Word for word, retype the lines from the one containing "crackerworld site logo" to the one containing "Mozart Mass in" below, keeping both end lines and dropping the pictures.

==== SUPPLIED MATERIAL

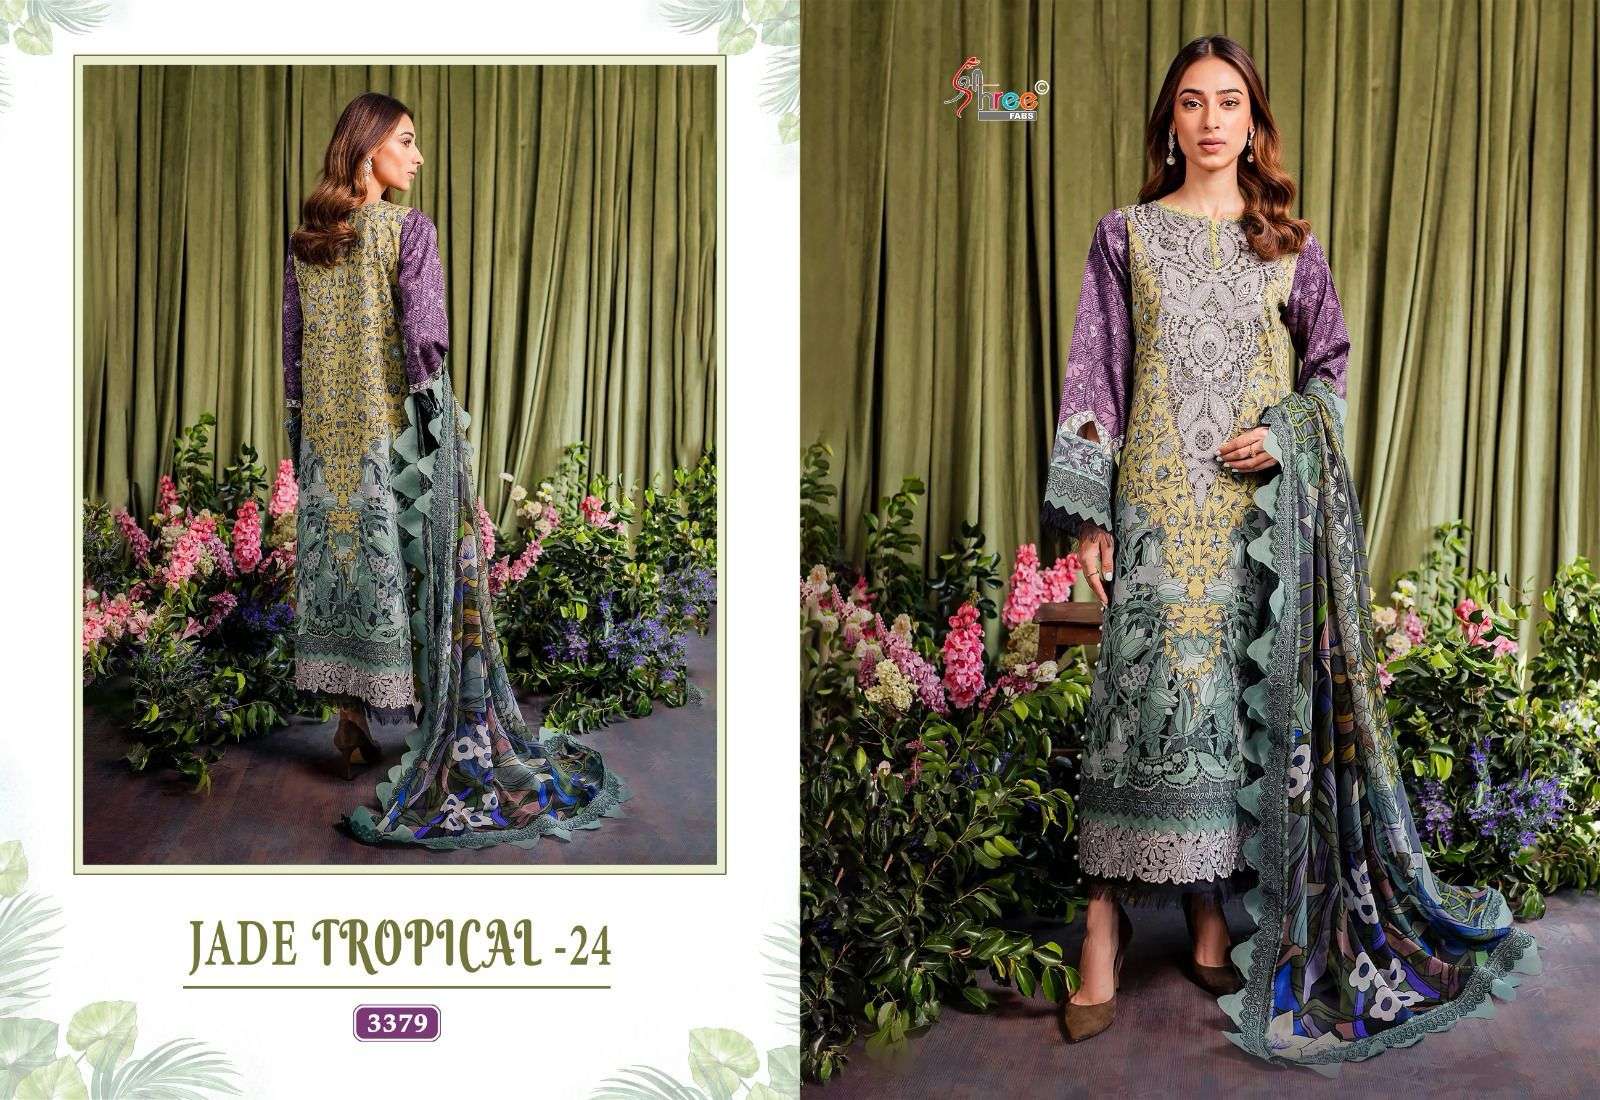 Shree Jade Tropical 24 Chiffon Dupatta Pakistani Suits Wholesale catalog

========
==== SUPPLIED MATERIAL

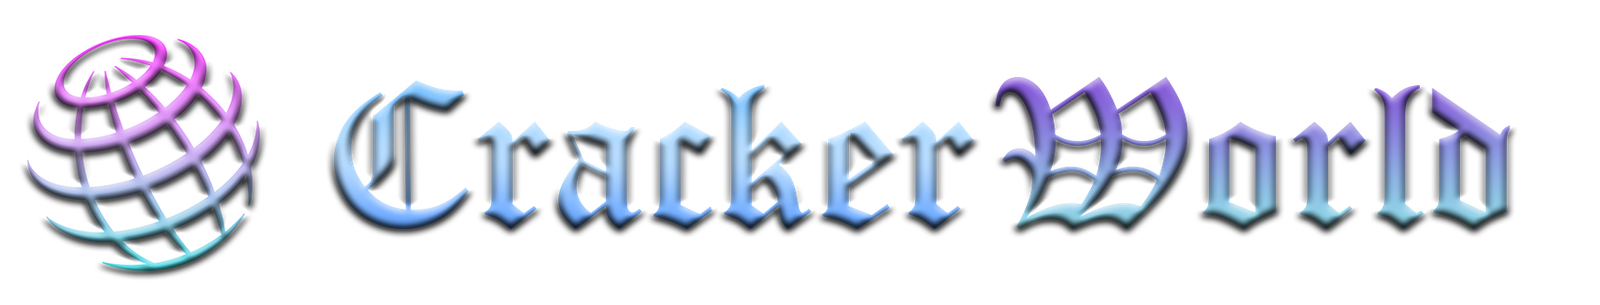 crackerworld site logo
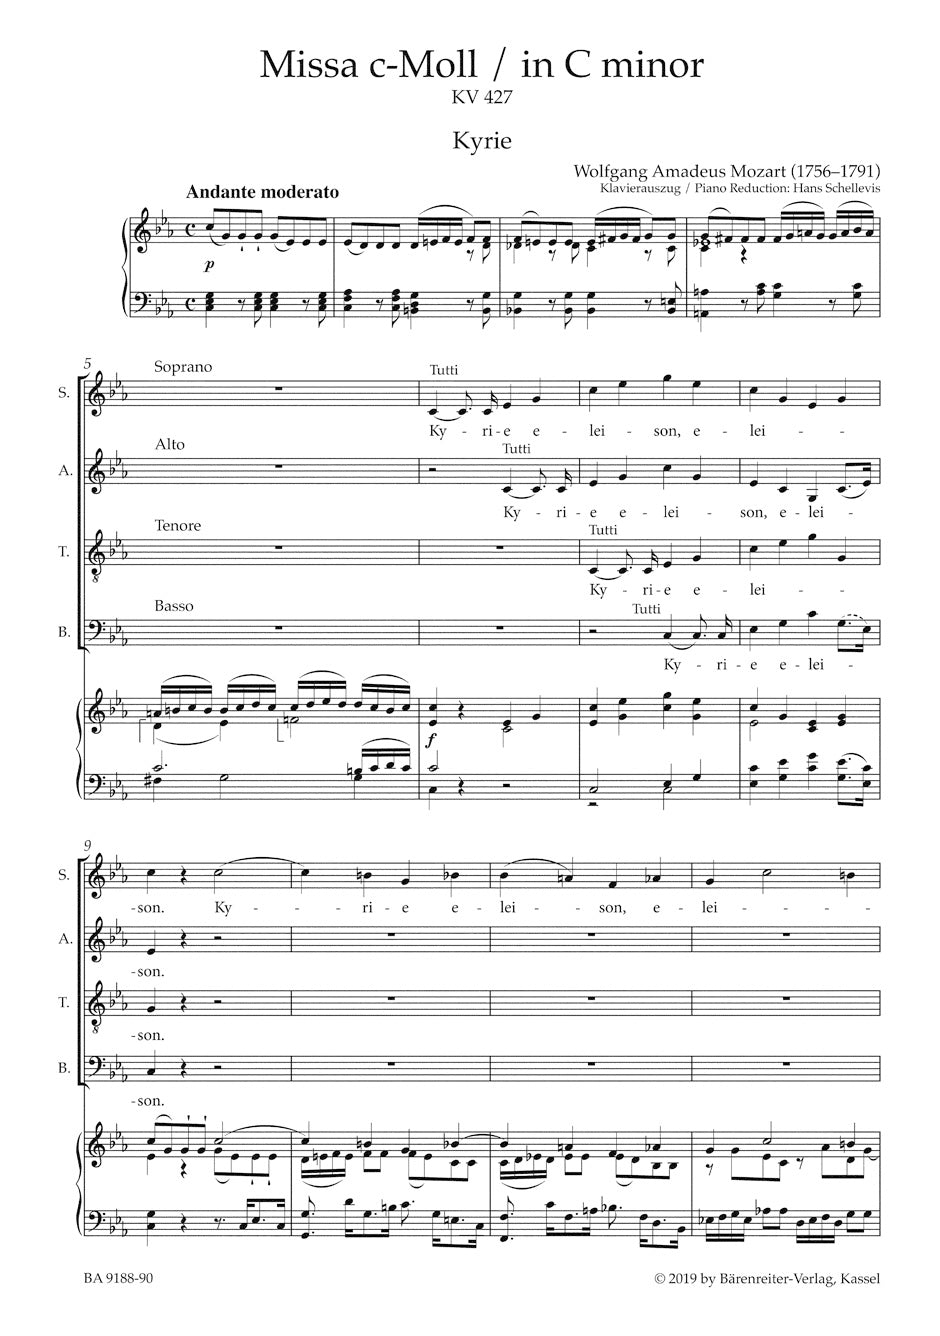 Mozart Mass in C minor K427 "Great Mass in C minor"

========

RESPONSE FOR THIS EXERCISE:
 crackerworld site logo
 Mozart Mass in C minor K427 "Great Mass in C minor"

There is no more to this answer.